Detection of the Anti-HIV Activity of NKG2C+ NK Cells

CD4+ T cells, NKG2C+ NK cells, and NKG2C NK cells were sorted from PBMCs of HIV-negative donors (N = 5) and HIV-positive donors (N = 7) by BD FACS Aria. CD4+ T cells were stimulated by PHA (50 ng/mL, Sigma) and IL-2 (20 U/mL, Sigma) for 36 h, while NK cells were stimulated by IL-12 (10 ng/mL, R&D), IL-15 (50 ng/mL, R&D), and IL-18 (100 ng/mL, R&D) for 36 h. CD4+ T cells were infected by HIV-1 NL4-3 strain and co-cultivated with autologous NKG2C+ NK cells, or NKG2C NK cells, at a target ratio (E:T) of 5:1 for 5 days.
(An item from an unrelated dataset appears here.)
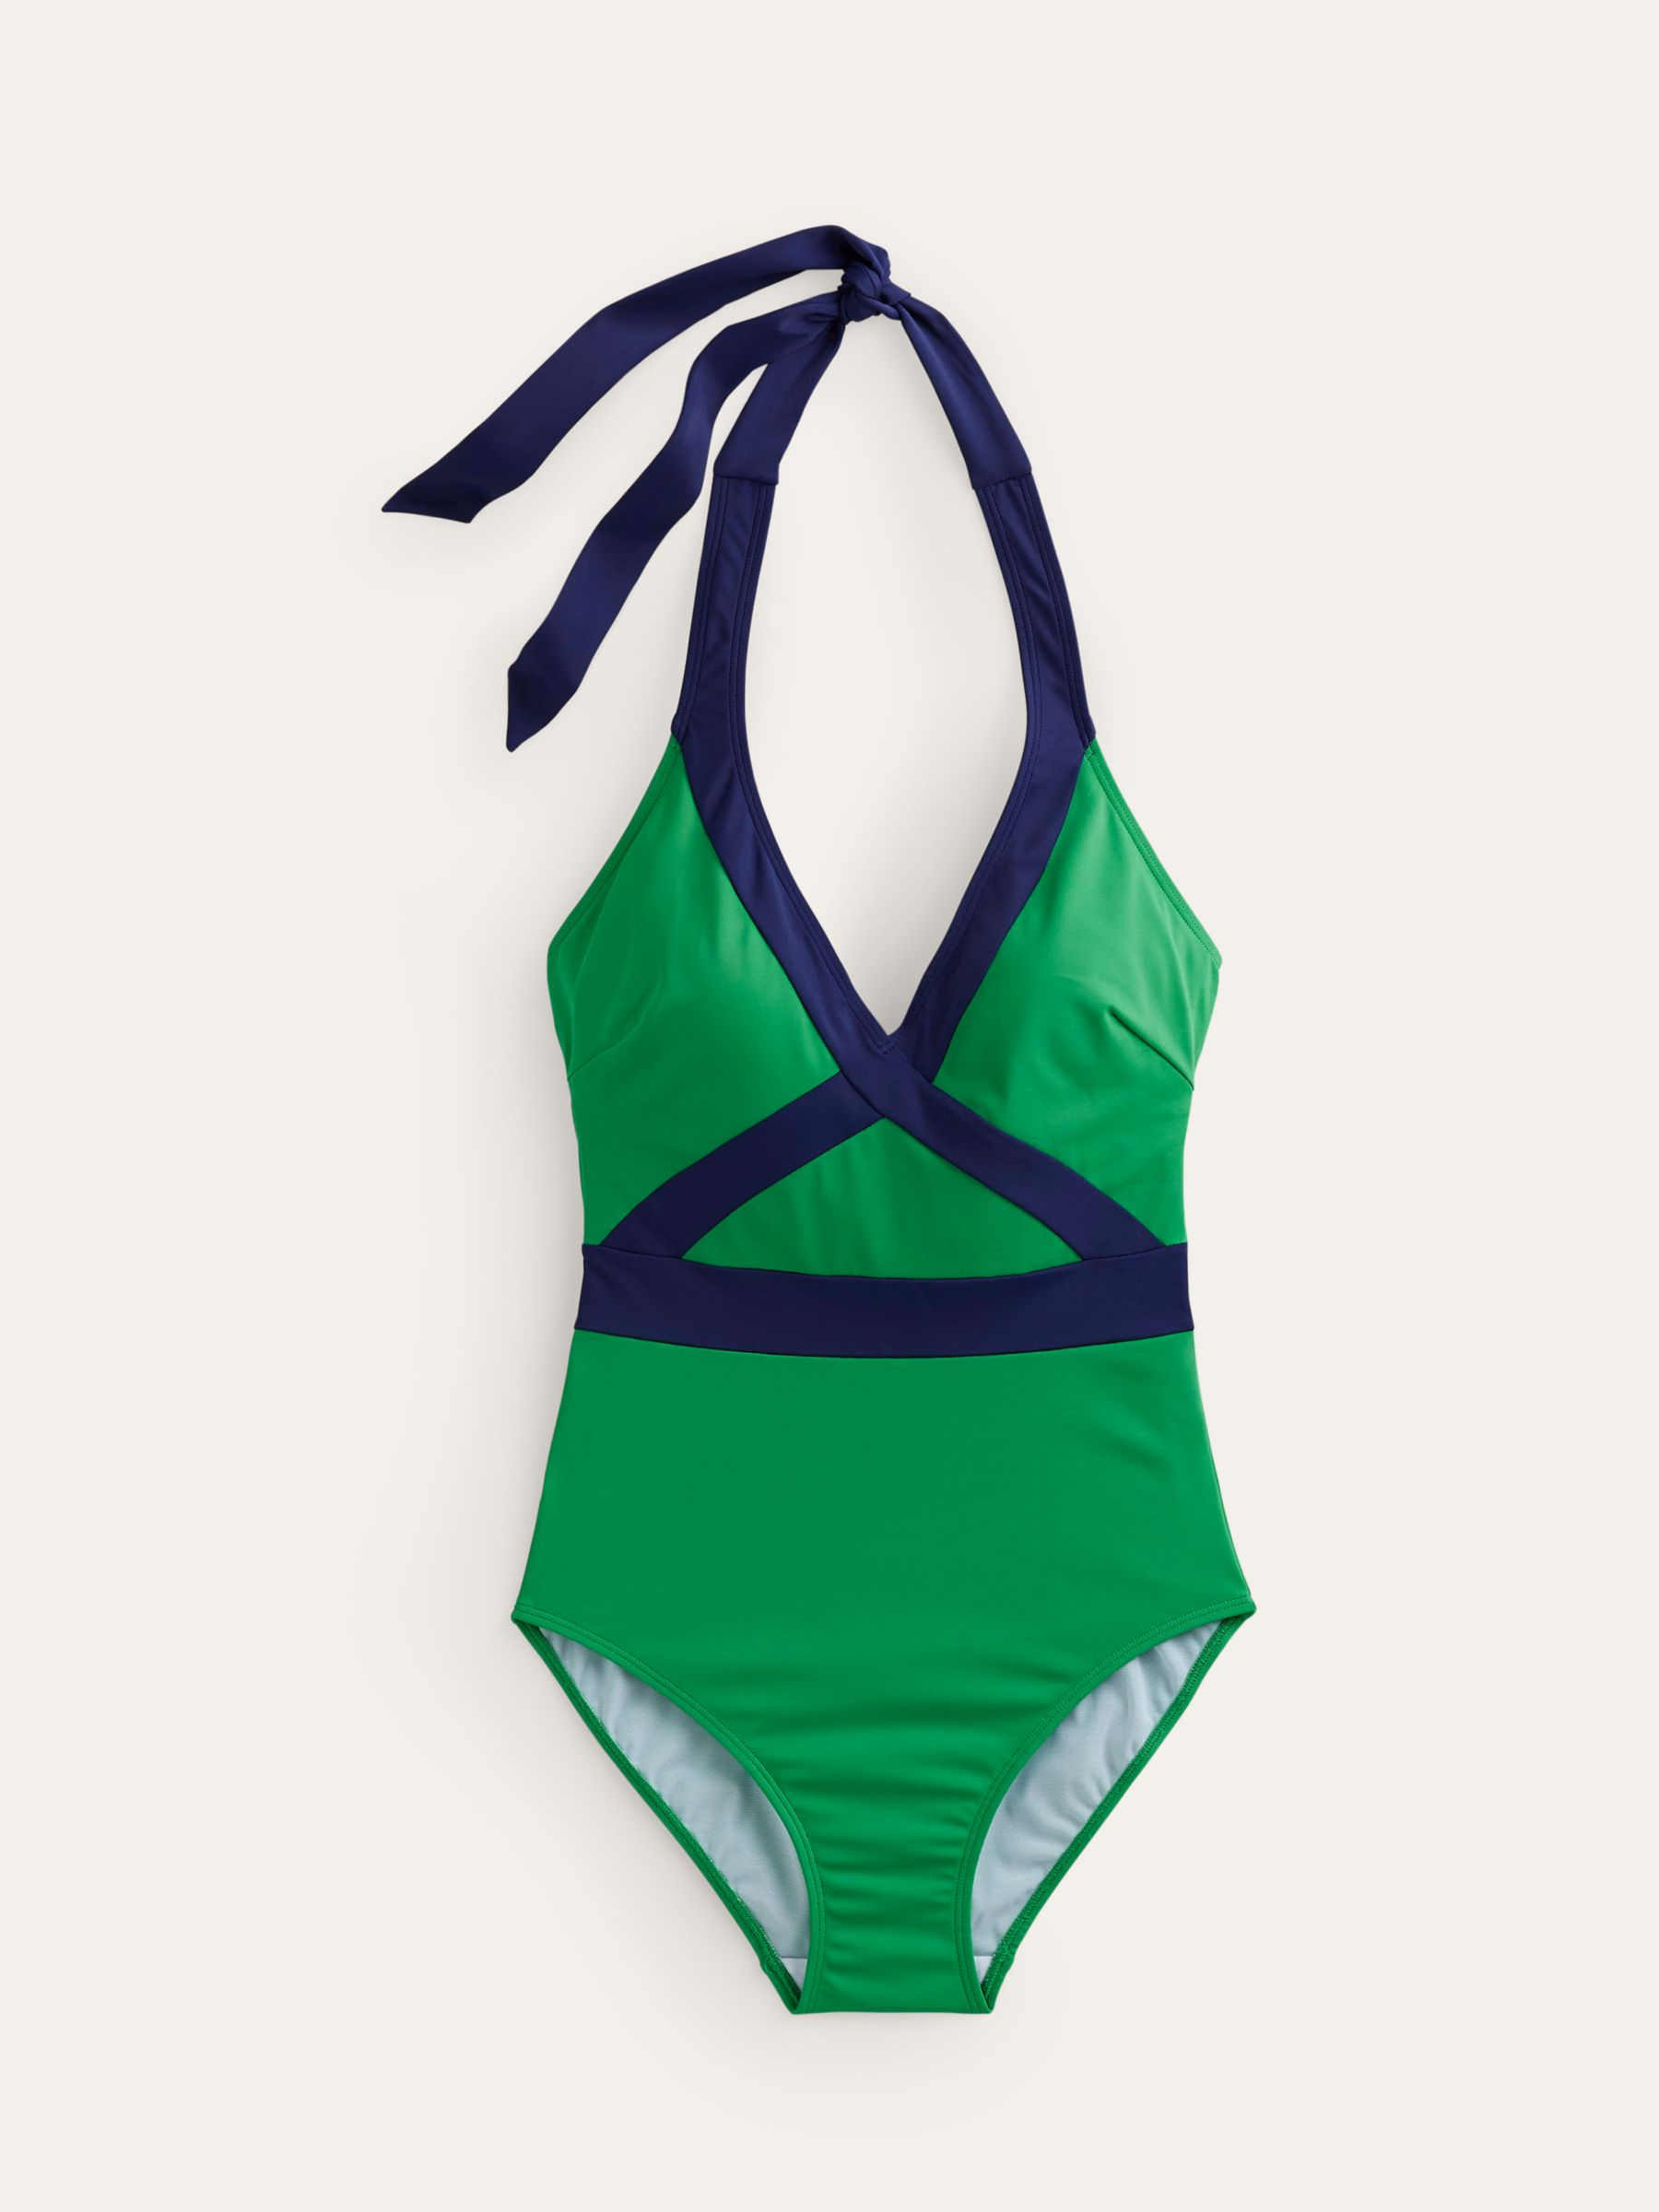 Boden Kefalonia Halterneck Swimsuit, Bright Green/Navy, 8

Supernatants were collected from each culture and tested for HIV-1 P24 antigen by ELISA (QuantoBio, Beijing, China).

Detection of CD4+ T Cell Counts

CD4+ T cell counts were determined with a FACS Calibur flow cytometer (Becton Dickinson). A single-platform lyse-no-wash procedure was conducted with TriTEST anti-CD4-FITC/CD8-PE/CD3-PerCP reagents and Trucount tubes (Becton Dickinson).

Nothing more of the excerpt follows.